# [YOUR OBJECTIVE]
Transcribe each line below verbatim; pictures excluded.

# [SUPPLIED DATA]

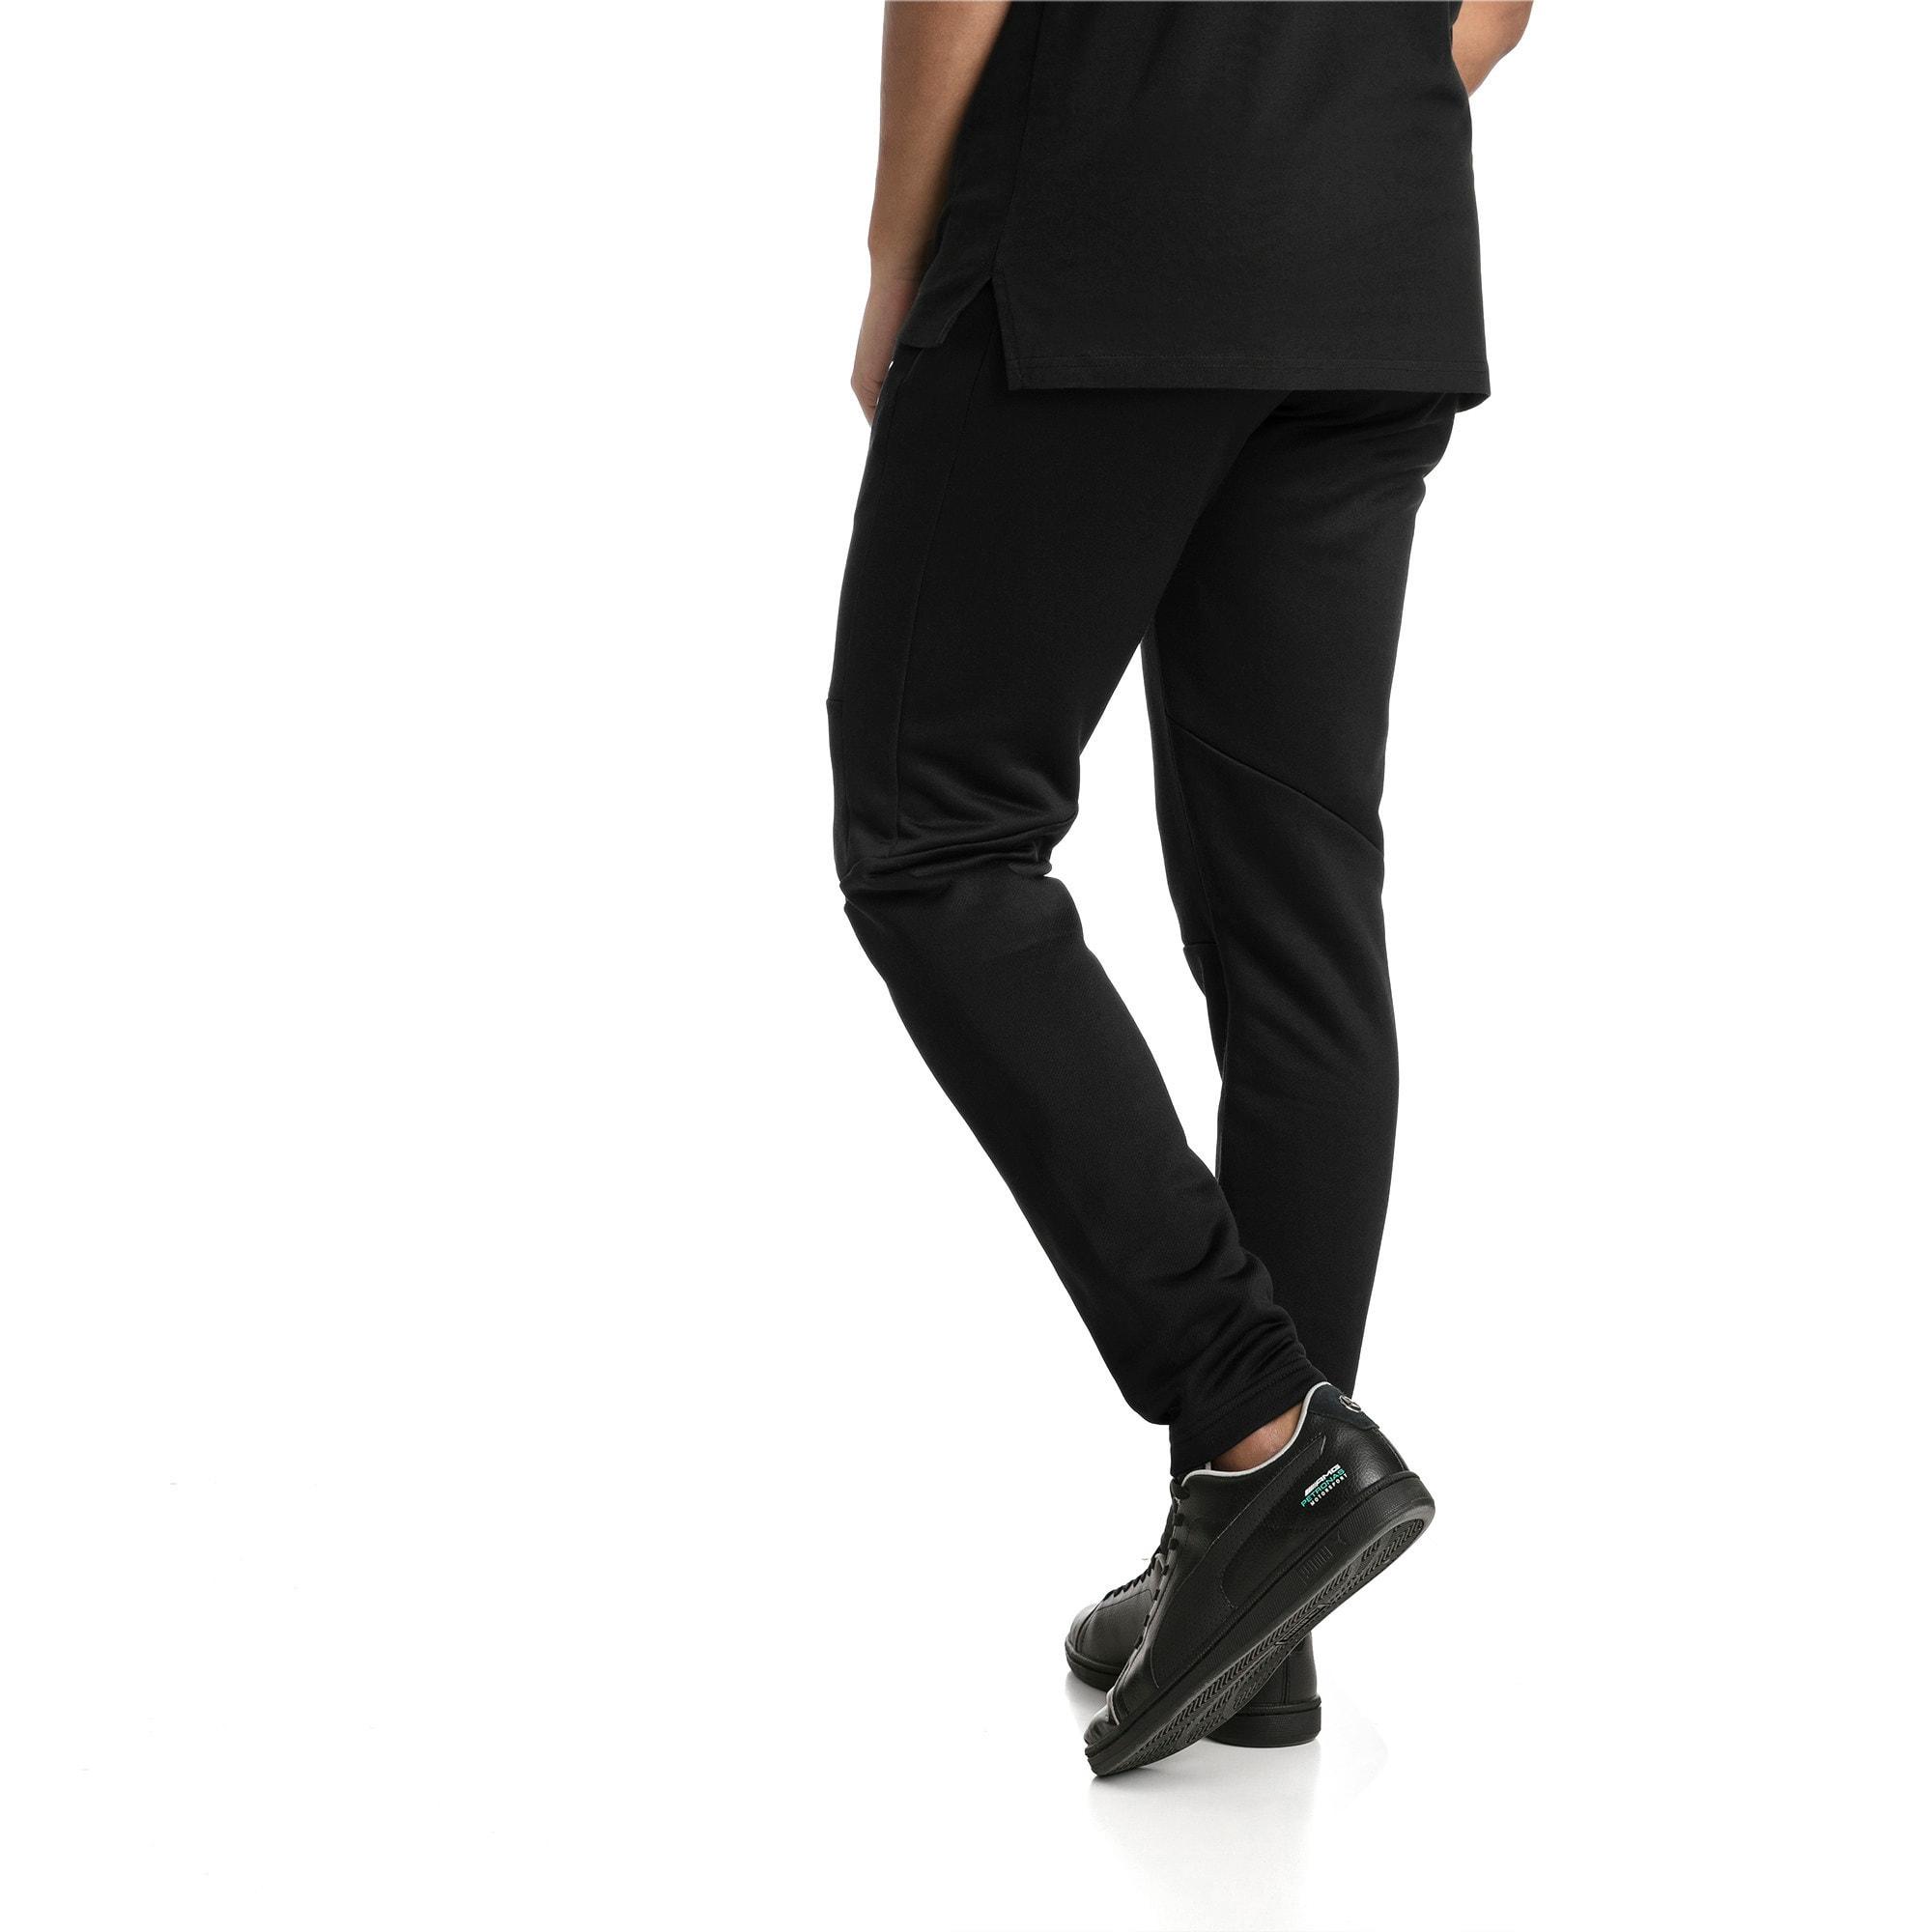 Thumbnail 3 of MERCEDES AMG PETRONAS Men's T7 Track Pants, Puma Black, medium-IND
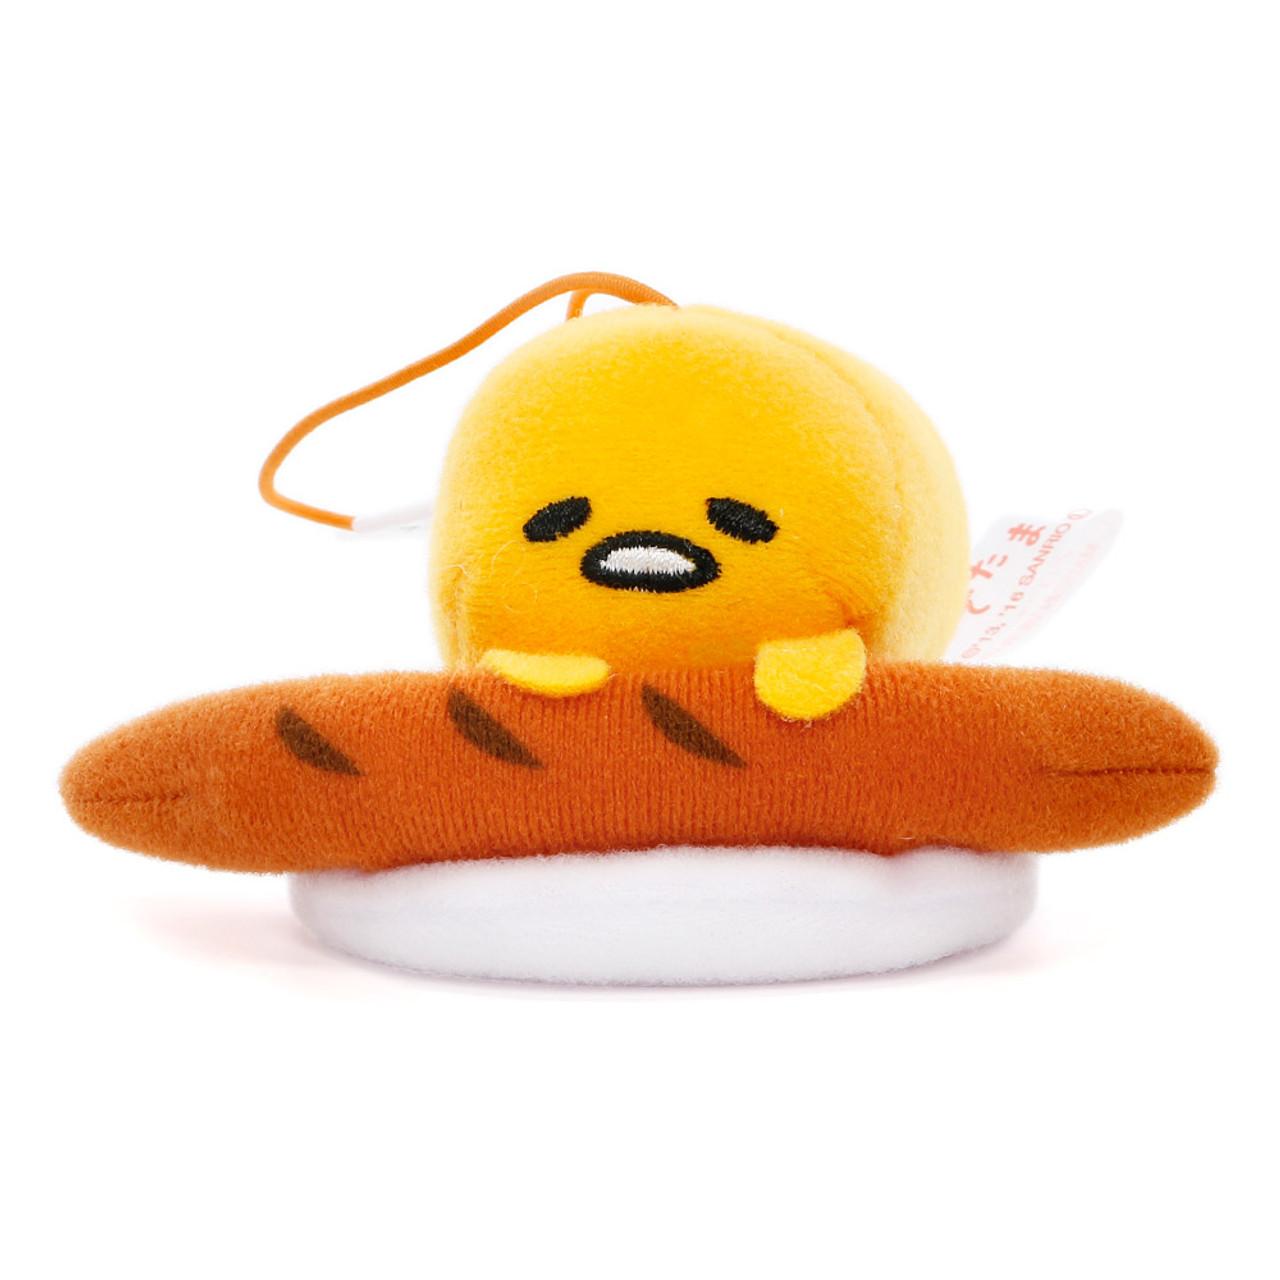 Sanrio Gudetama Lazy Egg Sleeping Mascot Plush Charms - Sausage ( Front View )
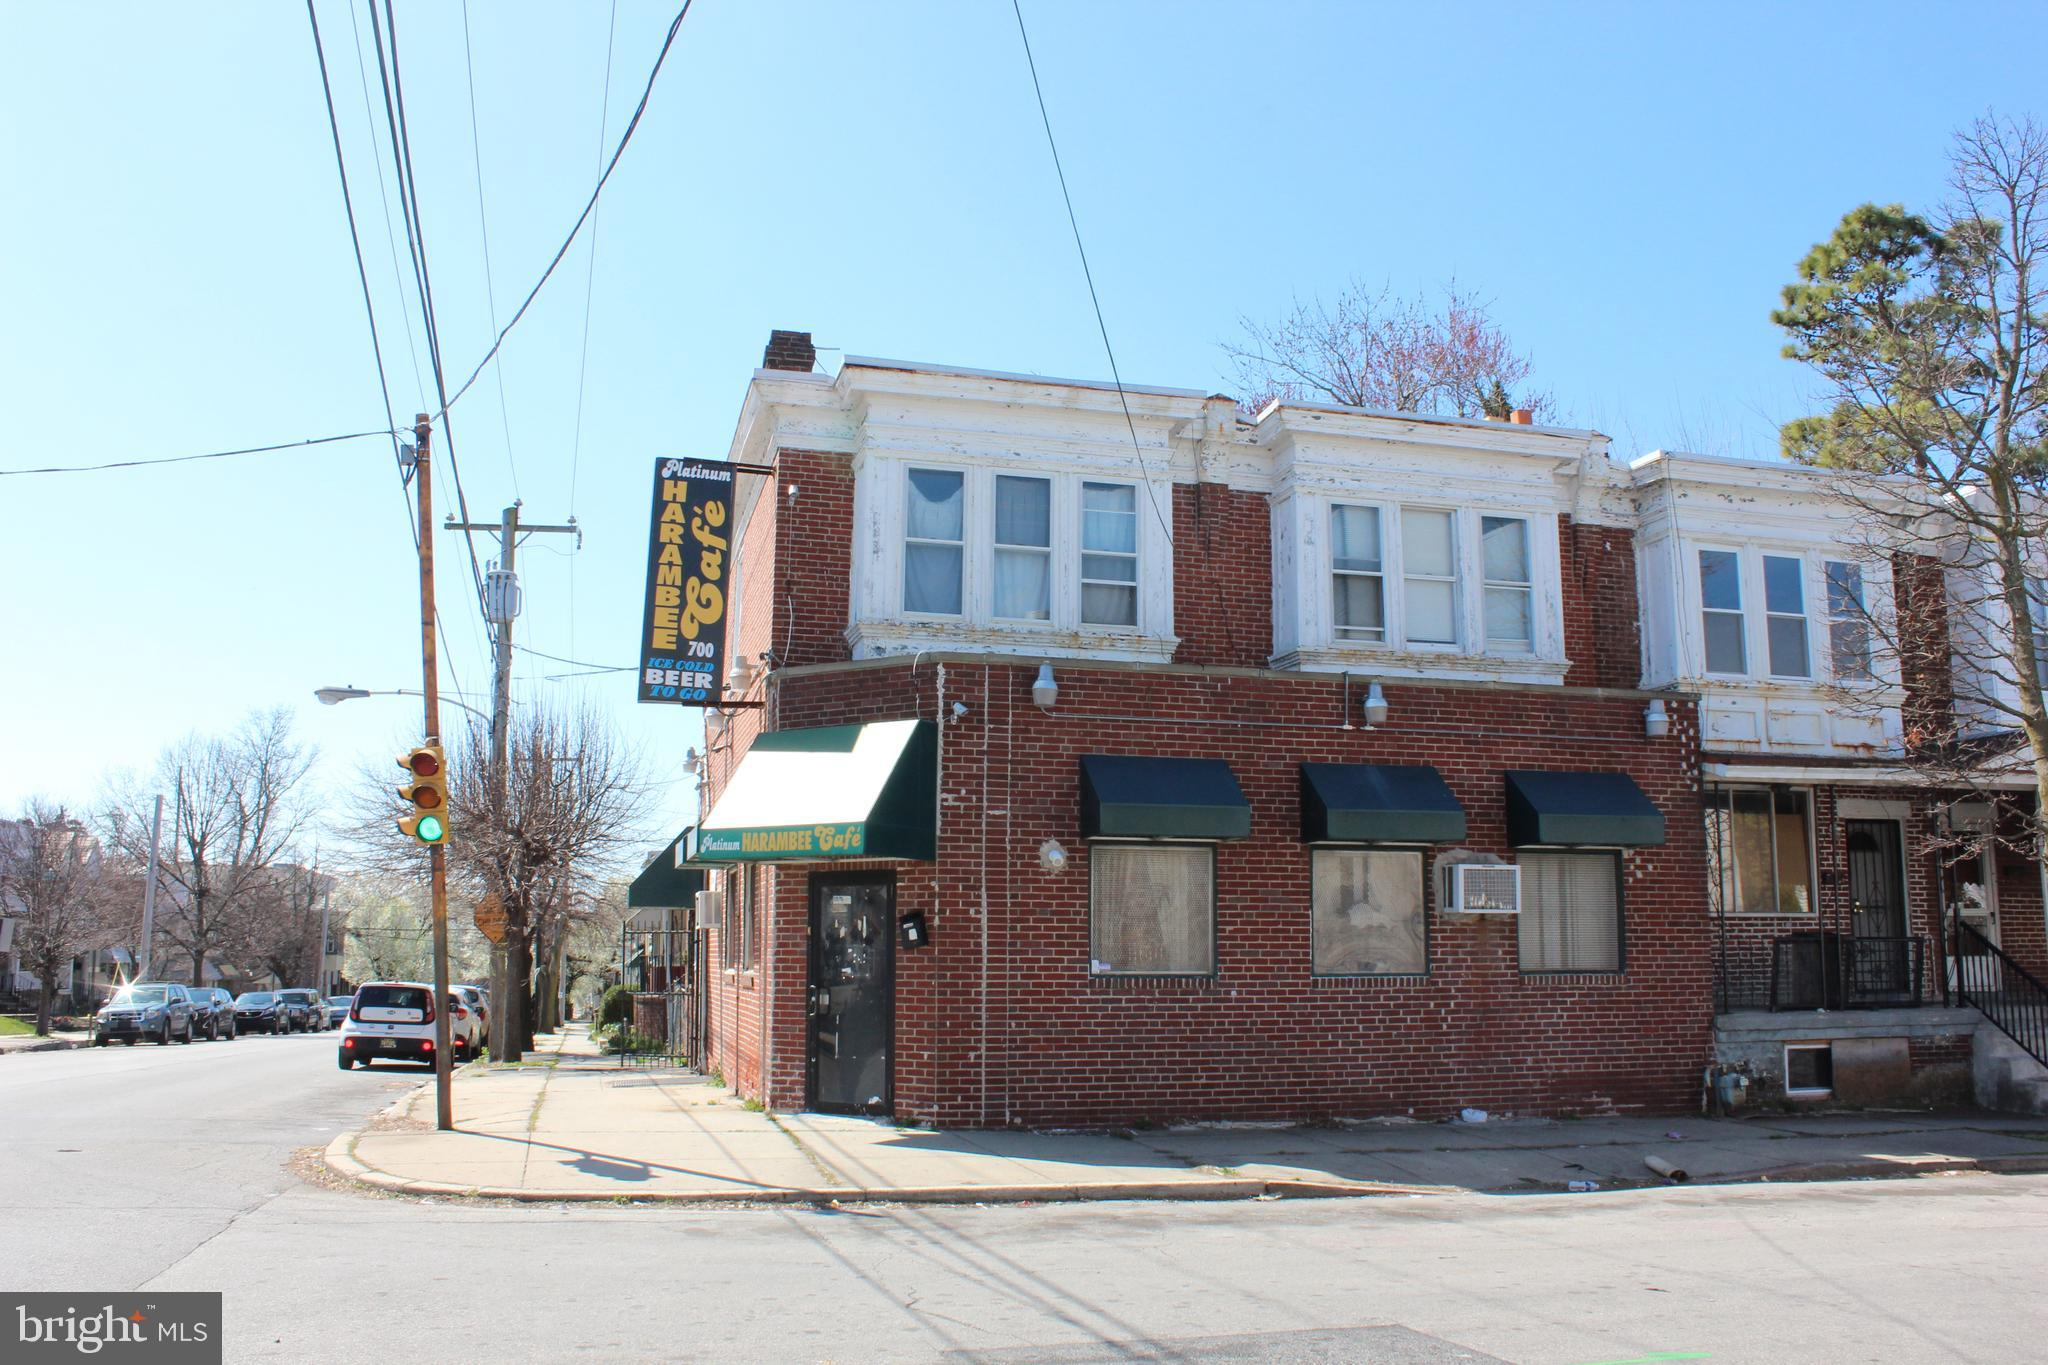 700 Lloyd Street, Chester, PA 19013

# [RESPONSE TO THE TASK]
 Thumbnail 3 of MERCEDES AMG PETRONAS Men's T7 Track Pants, Puma Black, medium-IND
 Sanrio Gudetama Lazy Egg Sleeping Mascot Plush Charms - Sausage ( Front View )
 700 Lloyd Street, Chester, PA 19013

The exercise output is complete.